For the six months ended June 30, 2022, we had a net income of approximately $6.7 million which consisted of approximately $4.3 million in non-operating gain from the change in fair value of warrant liability, approximately $169,000 in income from investments held in Trust Account, approximately $3.9 million in gain on settlement of deferred underwriting commissions, and an income tax benefit of $15,000, offset by approximately $1.5 million in general and administrative expenses, approximately $98,000 of franchise tax expenses, and related party administrative expenses of approximately $90,000.
For period from January 28, 2021 (inception) through June 30, 2021, we had a loss of approximately $4,346,000 which consisted of a loss upon issuance of private placement warrants of $4.2 million, approximately $67,000 of franchise tax expenses, approximately $213,000 in general and administrative expenses, related party administrative expenses of approximately $18,000, and offering costs of approximately $34,000, offset by a non-operating gain of approximately $142,000 in fair value of warrant liability and $136 in income from investments held in Trust Account.
Contractual Obligations
We do not have any long-term debt obligations, capital lease obligations, operating lease obligations, purchase obligations or long-term liabilities at June 30, 2022.
Registration and Stockholder Rights
The holders of our founder shares, private placement warrants and warrants that may be issued upon conversion of working capital loans (and any shares of common stock issuable upon the exercise of the private placement warrants and warrants that may be issued upon conversion of working capital loans) were entitled to registration rights pursuant to a registration rights agreement signed upon the effective date of the IPO. These holders are entitled to make up to three demands, excluding short form registration demands, that the Company registered such securities for sale under the Securities Act.
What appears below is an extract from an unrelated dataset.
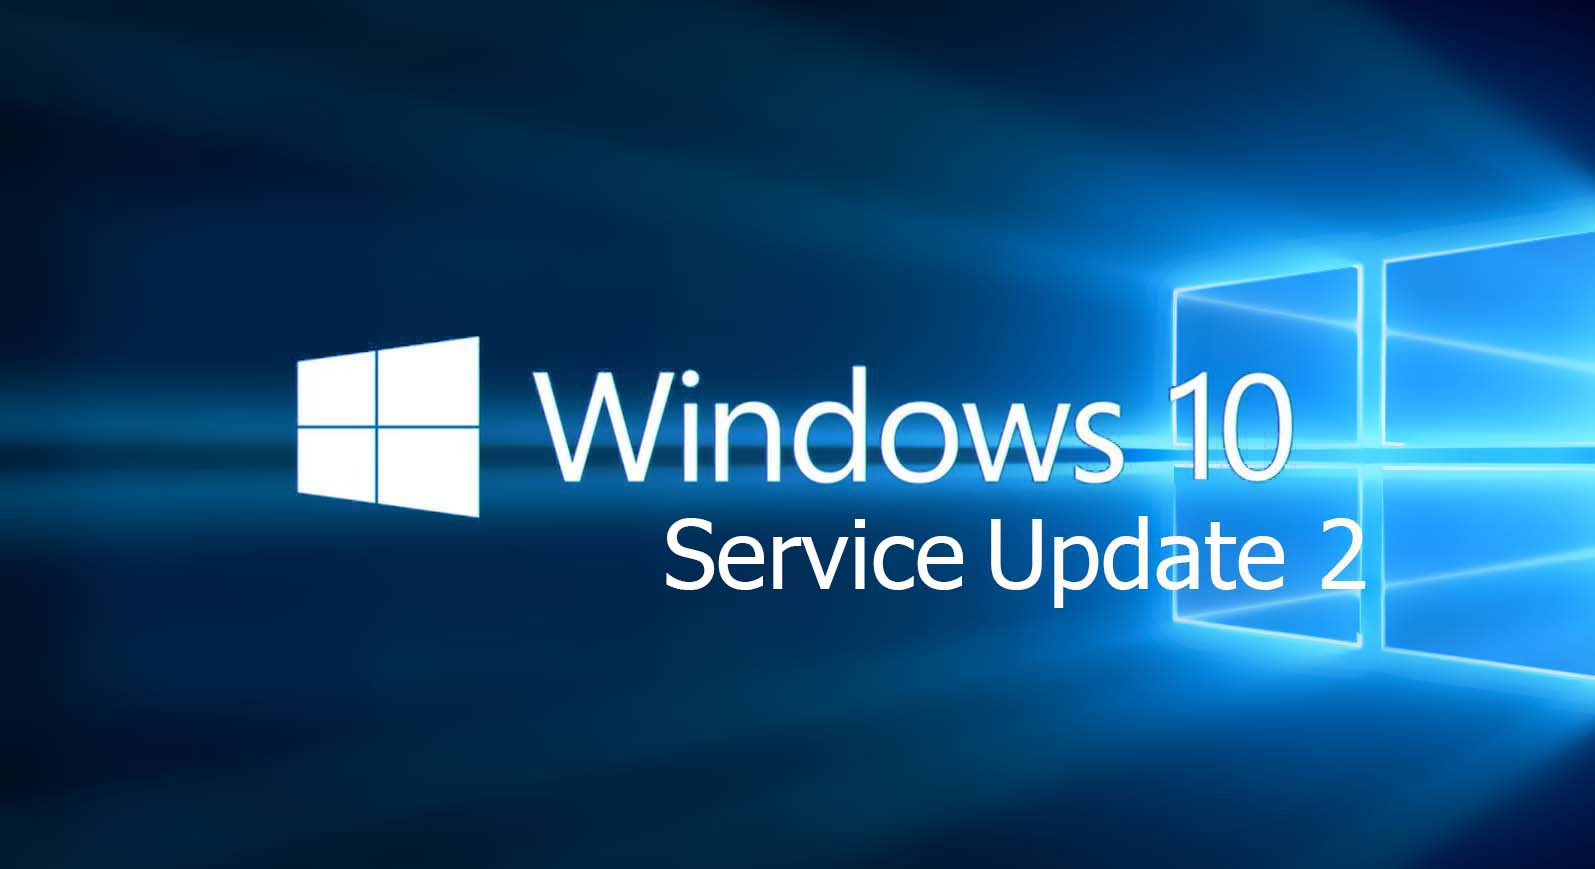 Windows 10 Servie Update 2

In addition, these holders will have “piggy-back” registration rights to include their securities in other registration statements filed by the Company. We will bear the expenses incurred in connection with the filing of any such registration statements.
Underwriting Agreement
We granted the underwriters a 45-day option from the date of the final prospectus relating to the IPO to purchase up to 2,250,000 additional units less the underwriting discounts and commissions. On June 2, 2021, the underwriters partially exercised the over-allotment option.
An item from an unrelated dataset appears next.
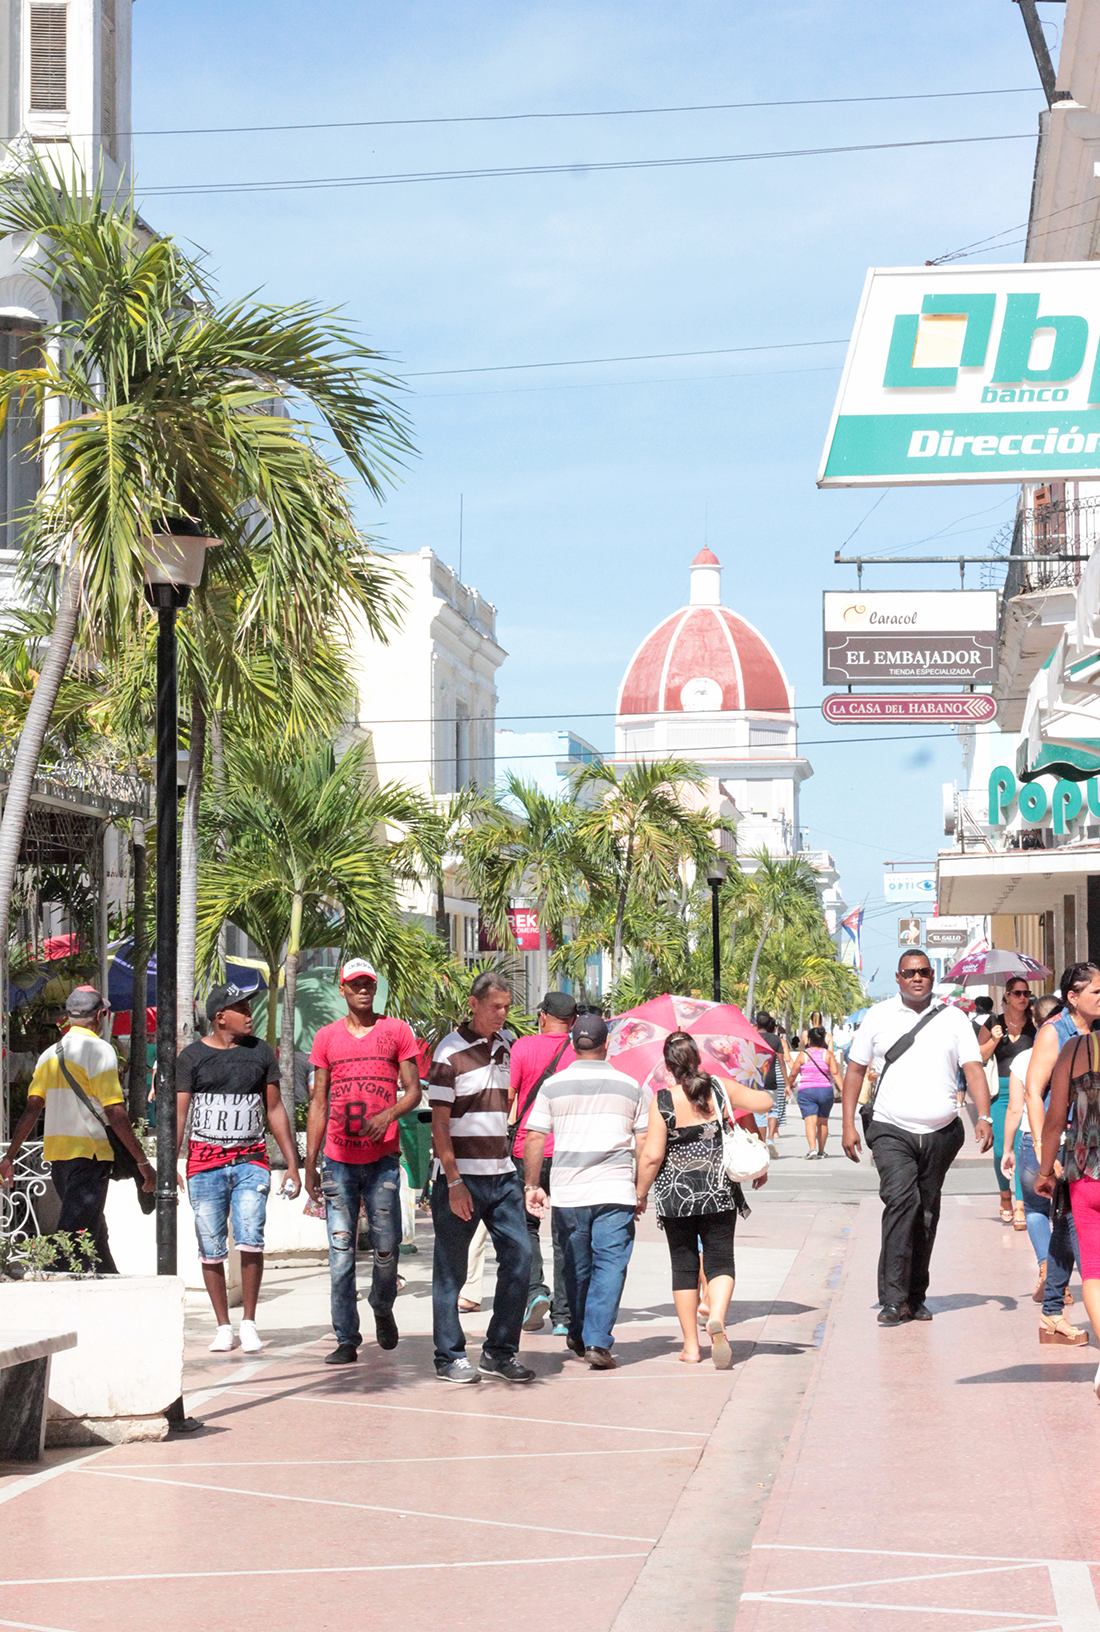 Main shopping street in Cienfuegos, Cuba

The underwriters were entitled to an underwriting discount of $0.20 per unit, or $3.4 million in the aggregate, paid upon the closing of the Initial Public Offering ($3.0 million) and Over-Allotment (approximately $0.4 million). In addition, $0.35 per unit, or approximately $6.0 million in the aggregate was payable to the underwriters for deferred underwriting commissions (approximately $5.25 million related to the Initial Public Offering and $0.8 million related to the Over-Allotment). The deferred fee will become payable to the underwriters from the amounts held in the Trust Account solely in the event that the Company completes a Business Combination, subject to the terms of the underwriting agreement. On May 16, 2022, JPM, one of the representatives of the underwriters of our IPO, waived their deferred underwriting fee that accrued from JPM’s participation in the IPO, resulting in a gain from settlement of deferred underwriting commissions of approximately $3.9 million.